[Python-ideas] new pickle semantics/API
Collin Winter
collinw at gmail.com
Fri Jan 26 00:39:58 CET 2007
On 1/25/07, Josiah Carlson <jcarlson at uci.edu> wrote:
> "tomer filiba" <tomerfiliba at gmail.com> wrote:
> > repr is made for humans of course, while serialization is
> > made for machines. they serves different purposes,
> > so they need different APIs.
>
> I happen to disagree.

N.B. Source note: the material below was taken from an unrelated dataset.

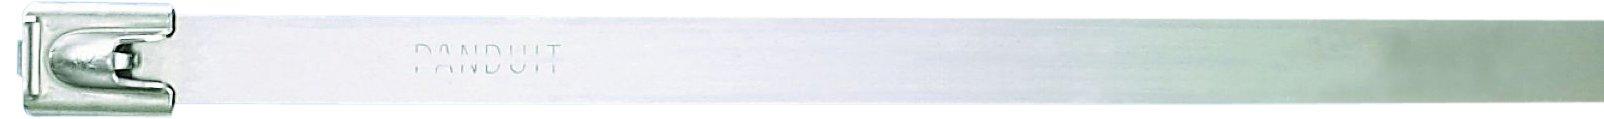 Panduit MLT10H-LP Pan-Steel Self-Locking Cable Tie, General Purpose, Heavy Cross Section, AISI 304 Stainless Steel, 10.0'' Max Bundle Diameter, 0.50'' Min Bundle Diameter, 450lbs Min Tensile Strength, 0.010'' Thickness, 0.31'' Width, 33.0'' Length (Pack of 50)

The only reason to use a different representation
> or API is if there are size and/or performance benefits to offering a
> machine readable vs. human readable format.
[snip]
> I'm know that there are real performance advantages to using (c)Pickle
> over repr/unrepr, but I use it also so that I can change settings with
> notepad (as has been necessary on occasion).
[snip]
> > all i'm after is the state of the object (which is expressed in terms of
> > other, more primitive objects).
>
> Right, but as 'primative objects' go, you cant get significantly more
> primitive than producing a string that can be naively understood by
> someone familliar with Python *and* the built-in Python parser.
> Nevermind that it works *today* with all of the types you specified
> earlier (with the exception of file objects - which you discover on
> parsing/reproducing the object).
You use pickle because it's more general than repr/unrepr, not because
it's faster or the result is smaller. Assuming you're talking about
the ConfigObj's unrepr mode
(http://www.voidspace.org.uk/python/configobj.html#unrepr-mode),
"""
The types that unrepr can work with are :
strings, lists tuples
None, True, False
dictionaries, integers, floats
longs and complex numbers
You can't store classes, types or instances.
"""
Pickle -- and the simplification API Tomer is proposing -- is far more
general than that. repr/unrepr is in no way a substitute.